What the task asks – Everything in the listing must be repeated exactly, apart from the images.
--- Dataset content Enclosed Below ---
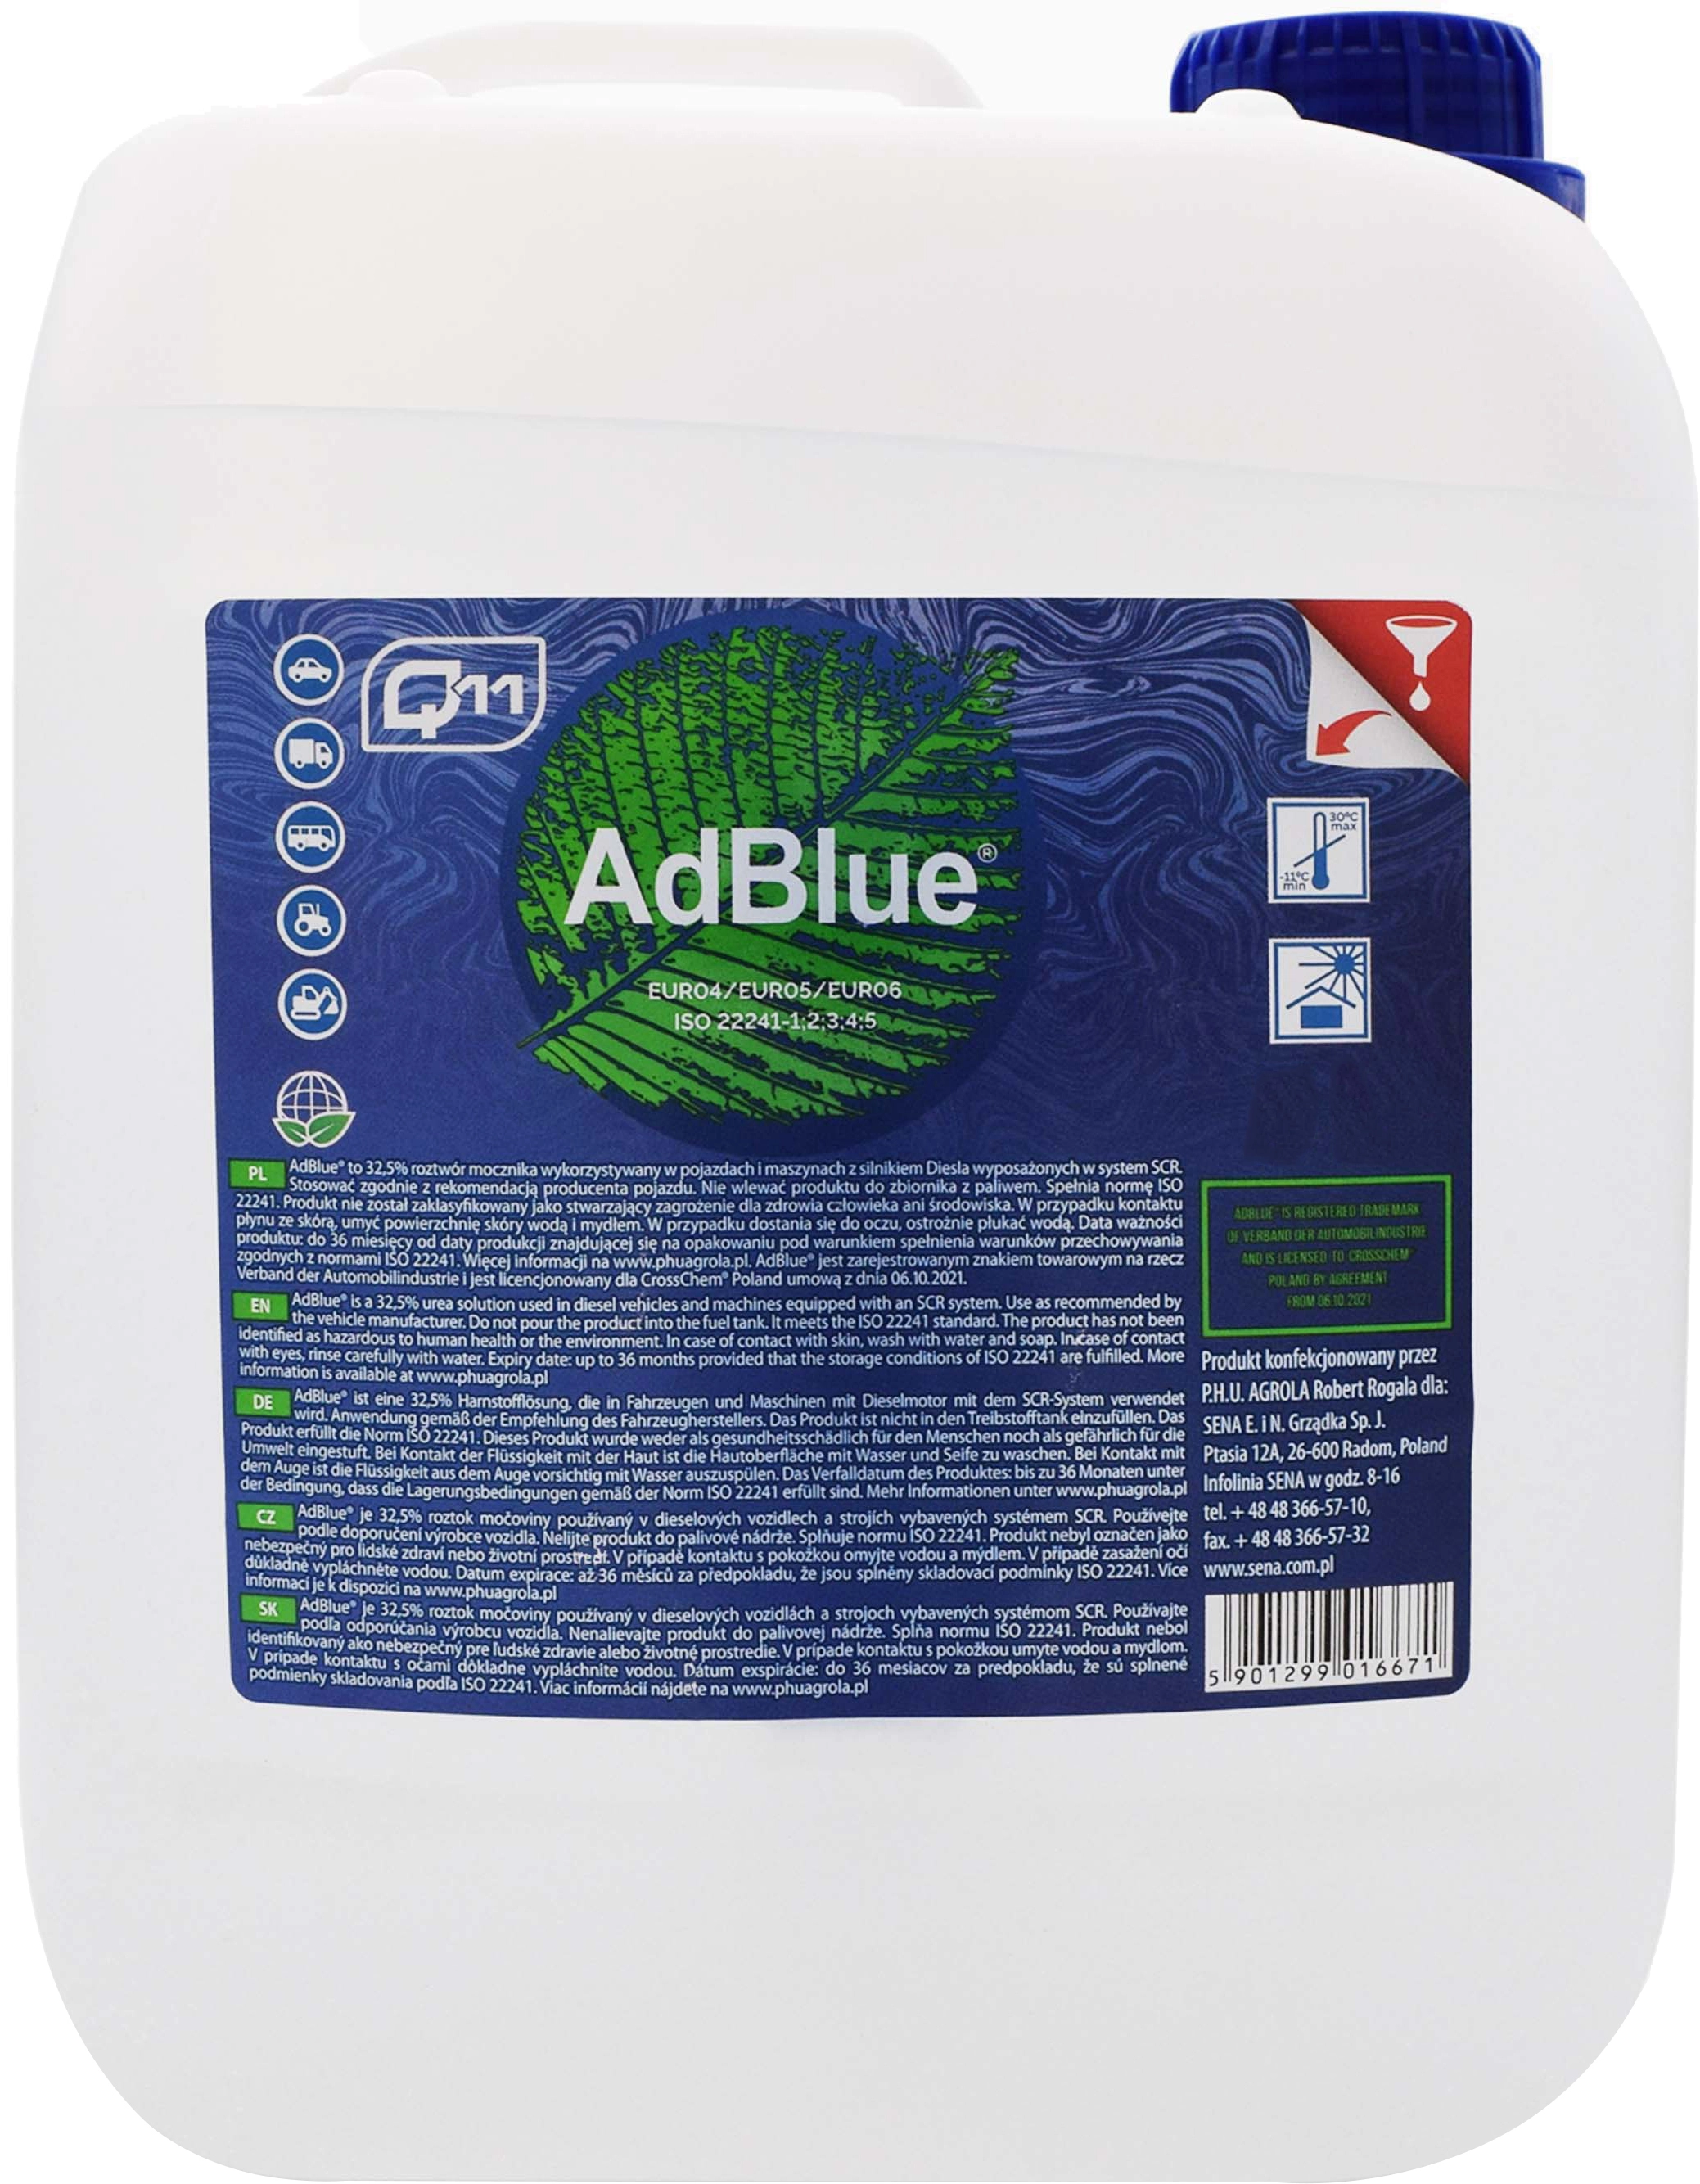 Harnstofflösung AdBlue® ROBBYROB
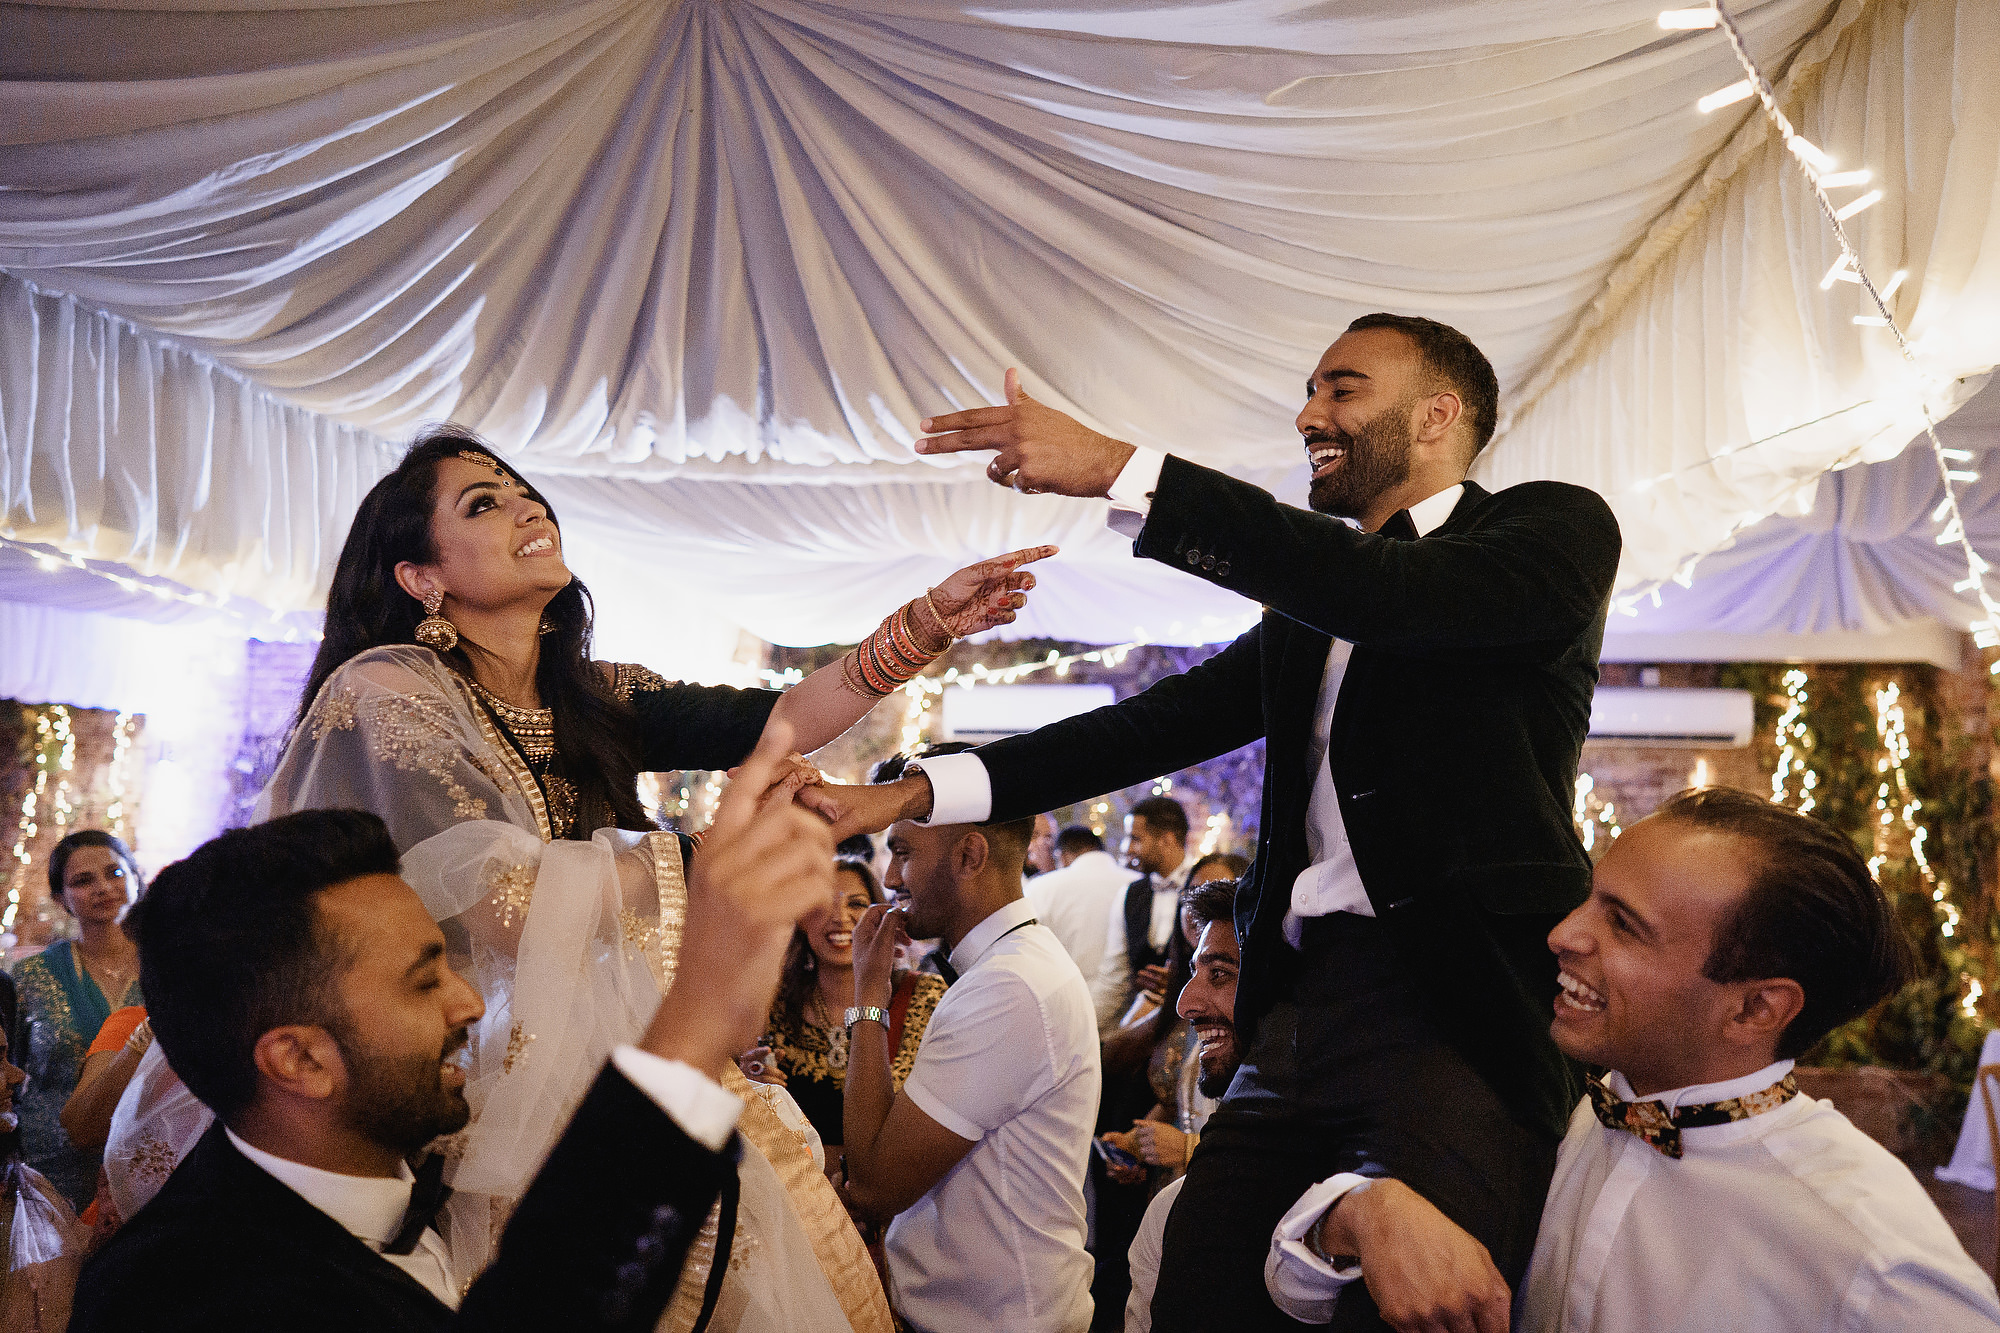 Northbrook park wedding surrey of kishan and sachna by arj photography
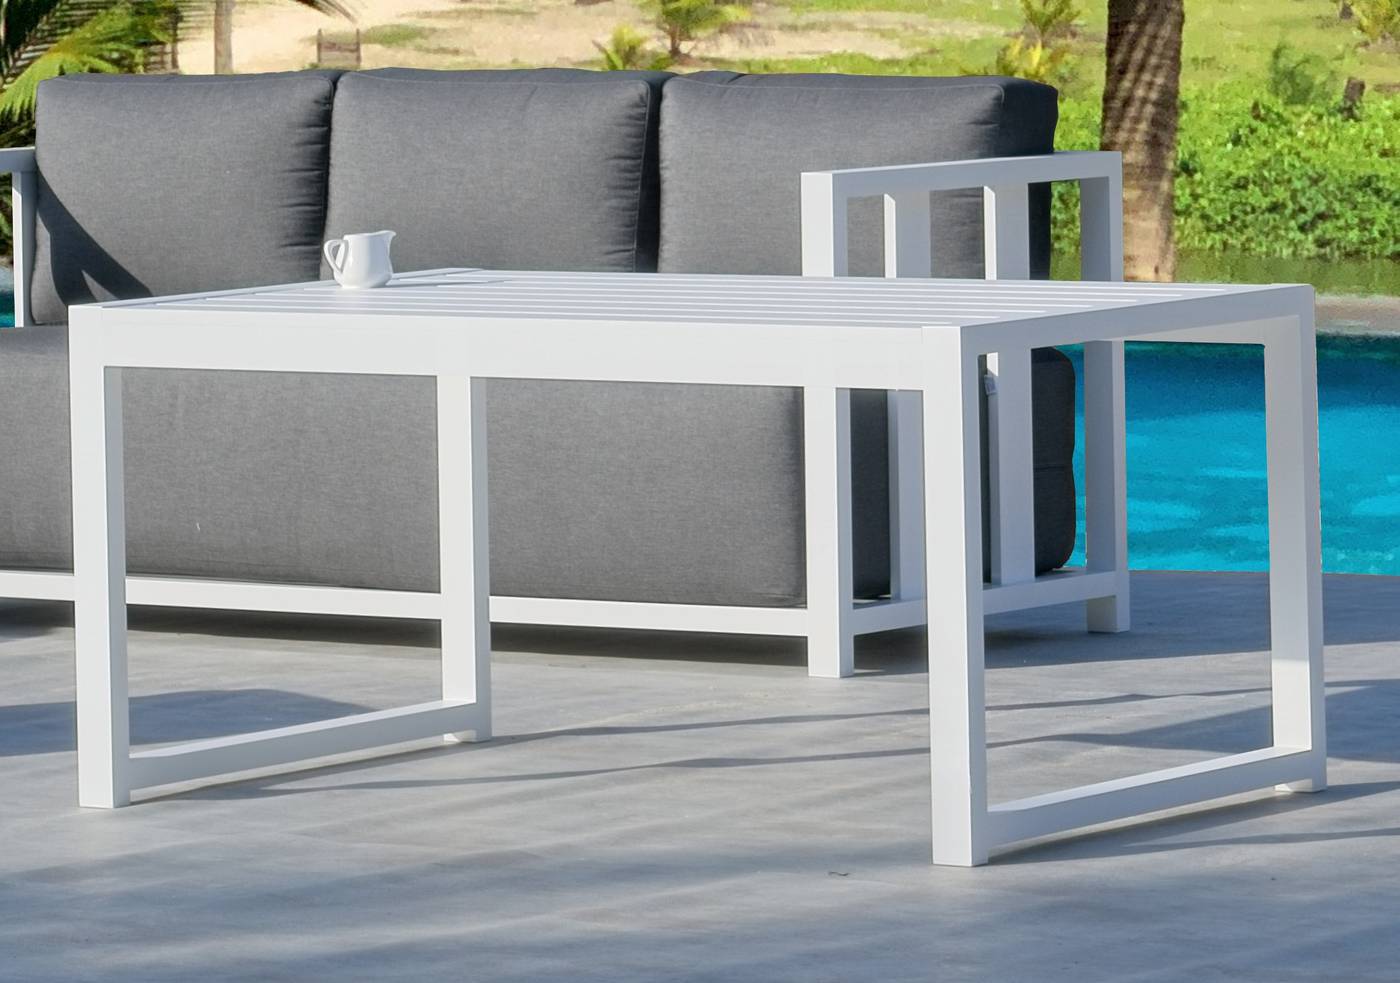 Set Aluminio Ilinois-10 - Conjunto de aluminio con cojines extra grandes: sofá de 3 plazas + 2 sillones + 1 mesa de centro + 2 reposapiés. Colores: blanco, antracita, marrón, champagne o plata.
--- End of Enclosed Dataset content ---
Reply to the exercise –
 Harnstofflösung AdBlue® ROBBYROB
 Northbrook park wedding surrey of kishan and sachna by arj photography
 Set Aluminio Ilinois-10 - Conjunto de aluminio con cojines extra grandes: sofá de 3 plazas + 2 sillones + 1 mesa de centro + 2 reposapiés. Colores: blanco, antracita, marrón, champagne o plata.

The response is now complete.